Character Conversion Implementation.

Character conversion is necessary when different data types are processed in a given transaction, program, or stored procedure.  Data inputted via a terminal emulator may use a different code page than the data in a table used for comparison or storage.  Data in one table may use a different CCSID than data in another table that it is processed against.  Data in one server may use a different code page than the server it is transferred to.  Through the proper use of encoding schemes and CCSIDs using the above methods, DB2 has the information needed to convert data to a different type, in both intermediate and final steps.  The number of scenarios are many, depending on the DB2 functions involved (processing tables versus views, use of ORDER BY, CAST, BETWEEN, etc.) and the number of different data types involved in a process.  In fact, the number of character conversions is so numerous that it’s beyond the scope of this article.  A good discussion of this topic can be found in DB2 UDB for z/OS Version 8: Everything You Ever Wanted To Know…, And More – Chapter 6: Unicode in DB2 for z/OS, at http://www.redbooks.ibm.com/redbooks/pdfs/sg246079.pdf.

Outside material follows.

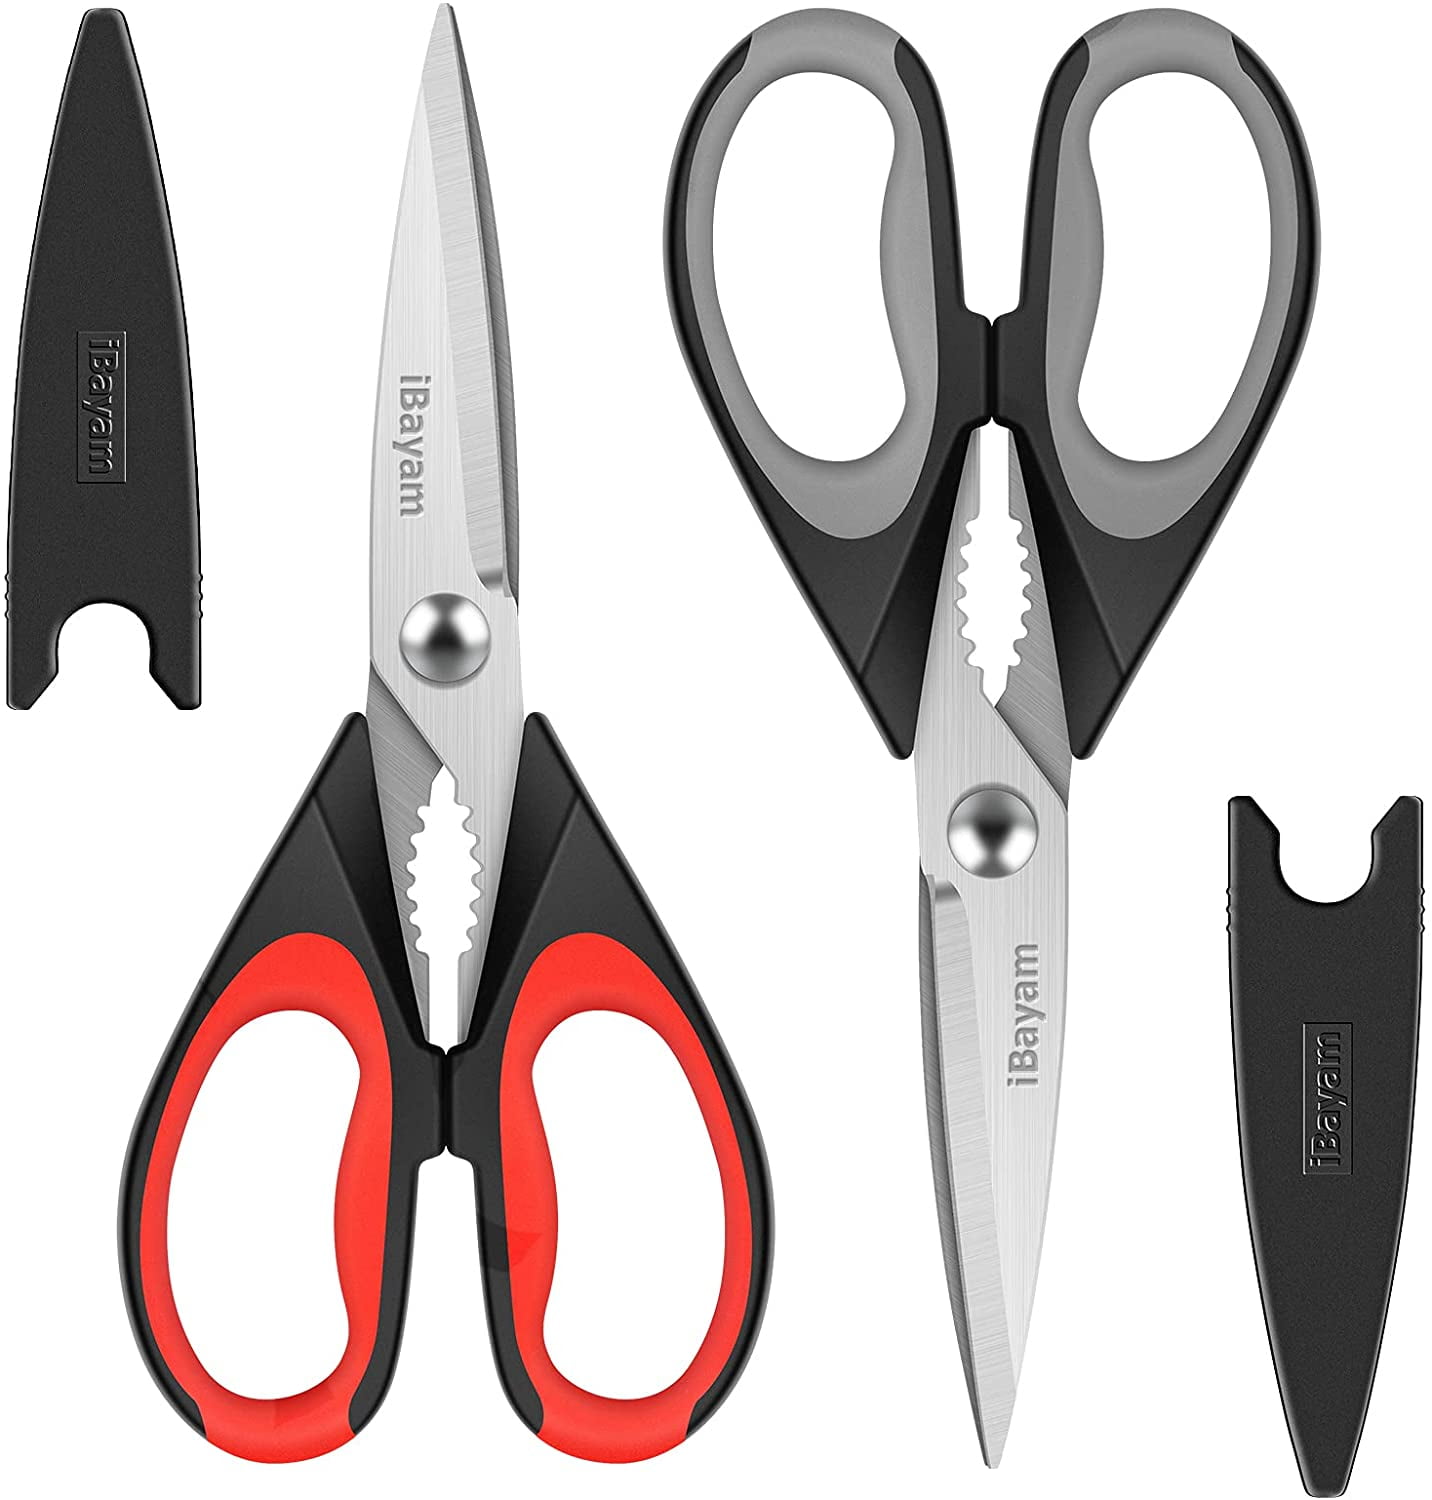 TIJERAS Heavy Duty Poultry Shears - Black Kitchen Shears with Serrated Edge  - Multipurpose Spring Loaded Cooking Scissors for Fathers Day - Stainless
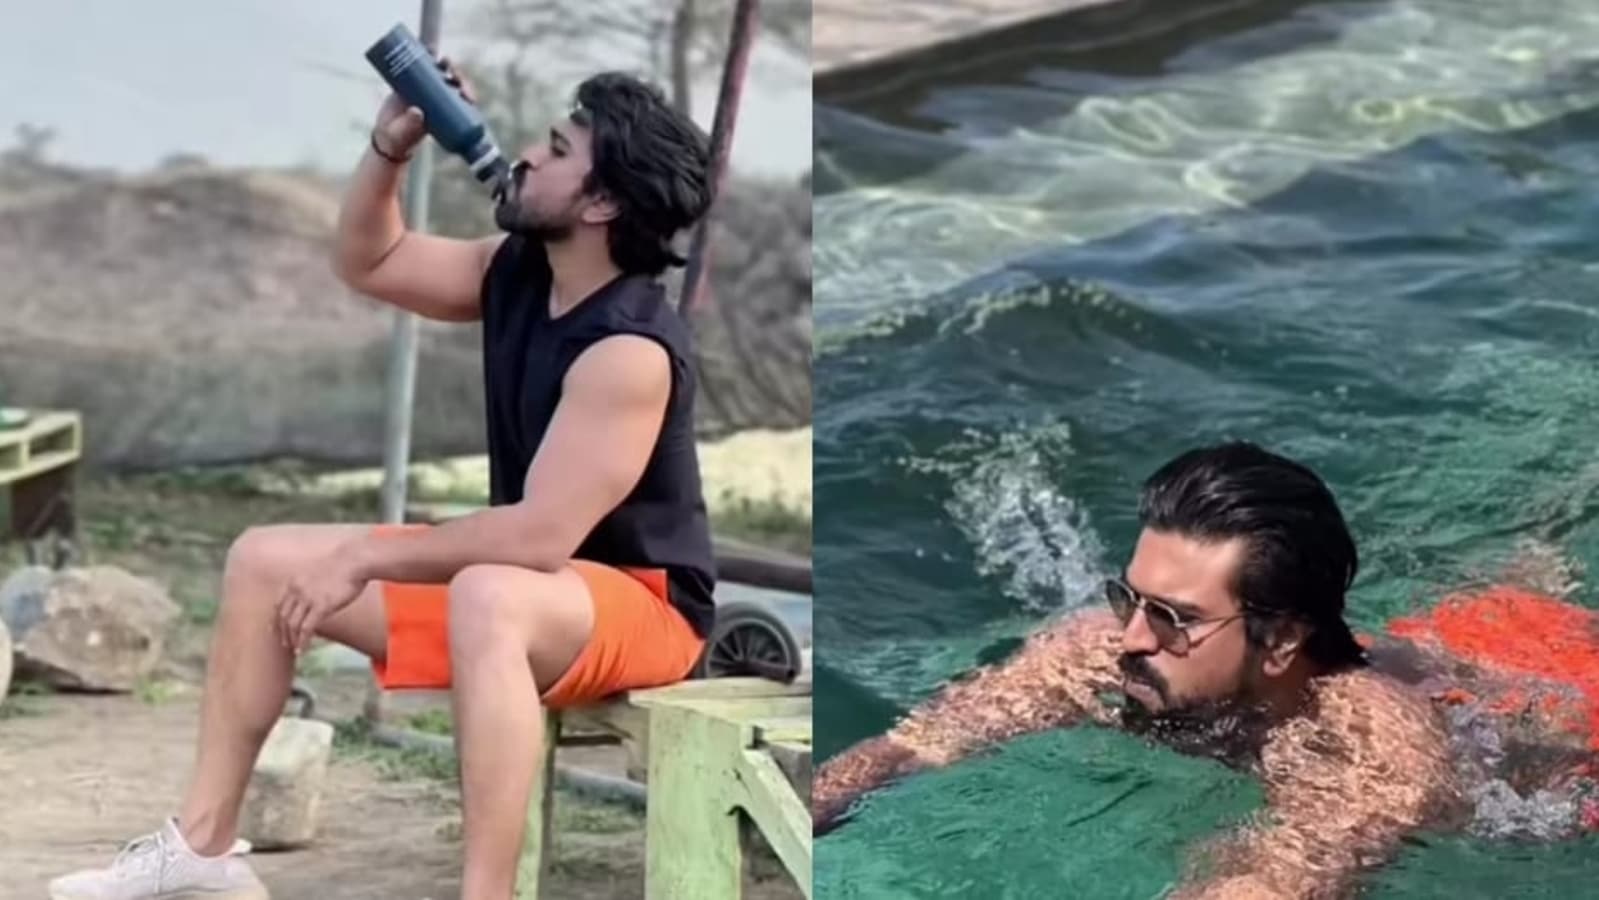 Ram Charan works out in outdoor gym on Africa holiday, fans love ...

There are 2 different techniques for performing character conversion: use of SYSIBM.SYSTRINGS, or z/OS Conversion Services.  SYSIBM.SYSSTRINGS is the original character conversion technique, but starting with DB2 V7, z/OS Conversion Services is another option, and is the recommended method.  z/OS Conversion Services must be set up for DB2, and APAR OA04069 provides a default way to do this.  OA04069 requires 9,862 fixed, real pages, or 39 Megabytes, to store 96,248 characters, because it provides for all languages, encoding schemes, etc.  Most customized conversion images take around 2 Megabytes, because only a few languages and encoding schemes are usually needed, so use of customized conversion images is recommended.  In addition, character conversion performance is significantly improved with z/OS V1.4 – as opposed to z/OS V1.3 – so V1.4 is highly recommended.  Another character conversion performance enhancement is the fact that DB2 UDB V8 will perform inline code conversion in some cases.  Lastly, the zSeries line of processors has new hardware instructions that are used in character conversion, further improving performance.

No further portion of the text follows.